Dace Zavadska is the project’s supervisor in Latvia, the head researcher at RSU and an Associate Professor of the RSU Department of Paediatrics. ‘The ability to diagnose pneumonia, tuberculosis, sepsis, meningitis and other diseases accompanied by a fever quickly would be an important development in the field of healthcare. Future medical diagnostics will possibly be extremely personalised and based on molecular signatures. Today, our goals sound more like science fiction, however once upon a time the C-Reactive Protein test, which is now a routine test enabling quick diagnosis of acute inflammation, was also greeted with the same scepticism,’ explains Assoc. Prof. Zavadska. RSU is working on the DIAMONDS project in collaboration with the Children’s Clinical University Hospital and Pauls Stradiņš Clinical University Hospital. This project is the next step following the PERFORM project which began in 2016 and is to be concluded next year. During this project, scientists discovered a way to decrease the unnecessary use of antibiotics in the treatment of children suffering from possibly life-threatening diseases caused by bacteria and viruses. 

Both of these projects are based on decades-long genetic pattern research aimed towards understanding which genes turn on and off, creating a specific molecular signature as a response to specific diseases. In previous studies the application of molecular signature tests identified bacterial infections with a precision rate of 95–100%. In this project 28 partnering organisations from the UK, Australia, Austria, France, Gambia, Greece, Italy, Latvia, Nepal, the Netherlands, Slovenia, Spain, Switzerland, Taiwan and Germany are lead by a team of scientists from Imperial College London.

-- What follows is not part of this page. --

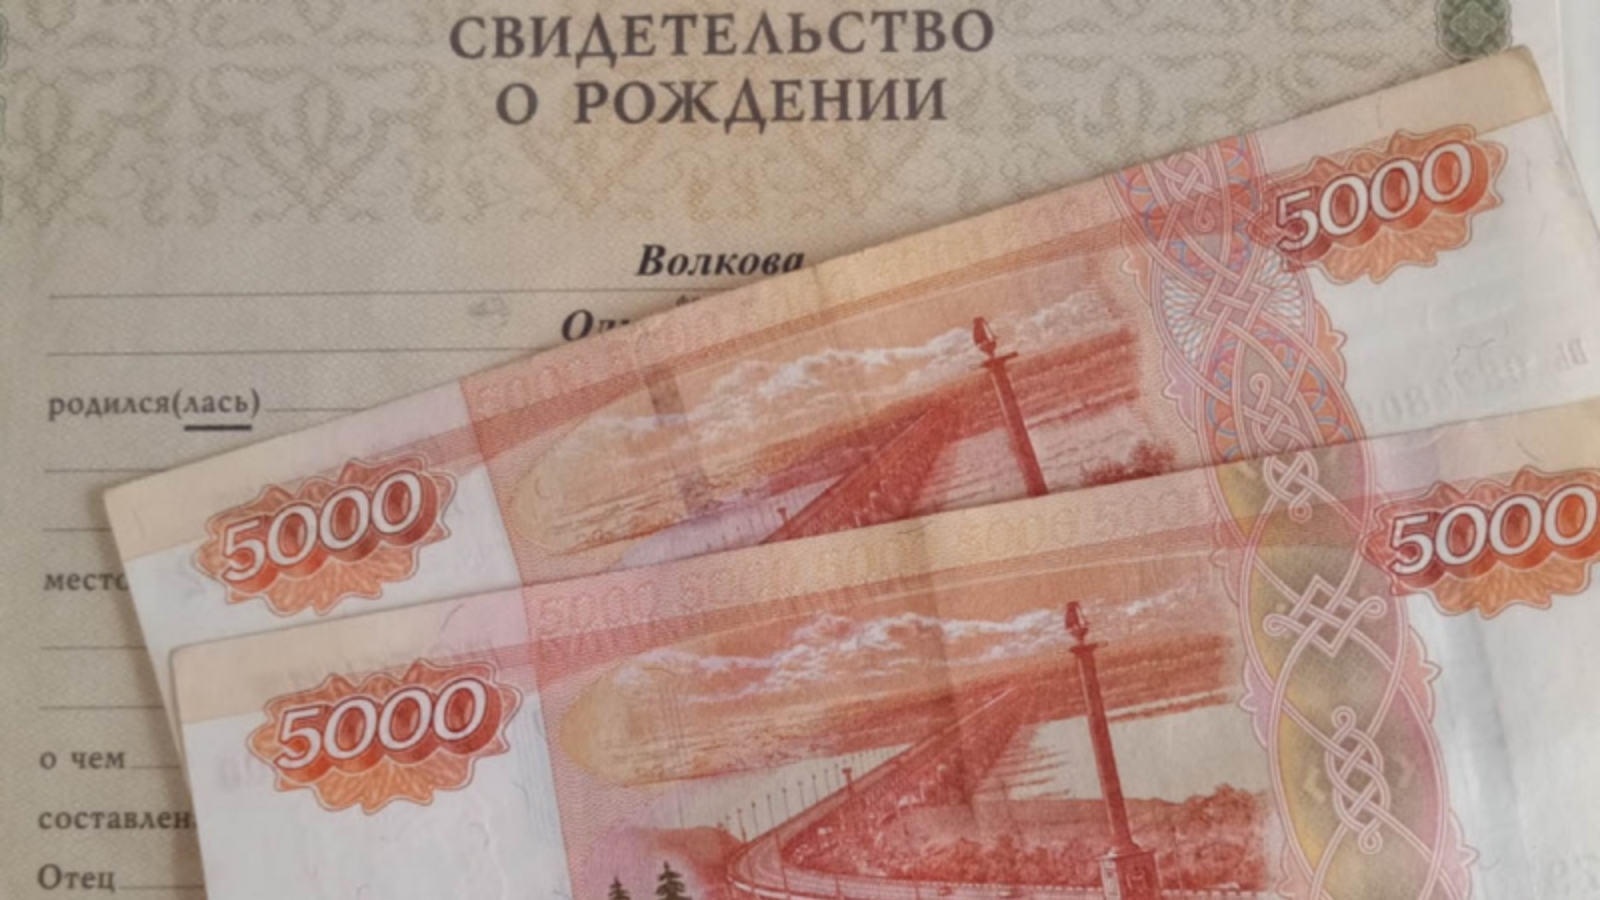 10 тыс нравится. Выплата 10 тысяч рублей. Пособие 10 тысяч рублей на ребенка. Выплаты по 10 тыс на детей. Выплата 10000 рублей на детей.

The international group of researchers will develop a genetic signature repository that will include a collection of the most common infection and immune disease molecular signatures made available to healthcare professionals. By comparing them with a patient’s blood sample it will be possible to make a diagnosis rapidly.

The researchers believe that this method will be used in hospitals around Europe within five years. Assoc. Prof. Zavadska points out that Latvia will be one of the seven countries where the new diagnostic tool will be tested in 2023–2024.

The DIAMONDS project is supported by the EU Horizon 2020 programme. This project includes working with thousands of patients around Europe, studying 100 to 150 genes in their blood samples to establish the presence of the most common infections and immune diseases. The project is based on the scientific findings of the finished ILULU, EUCLIDS, and PERFORM projects.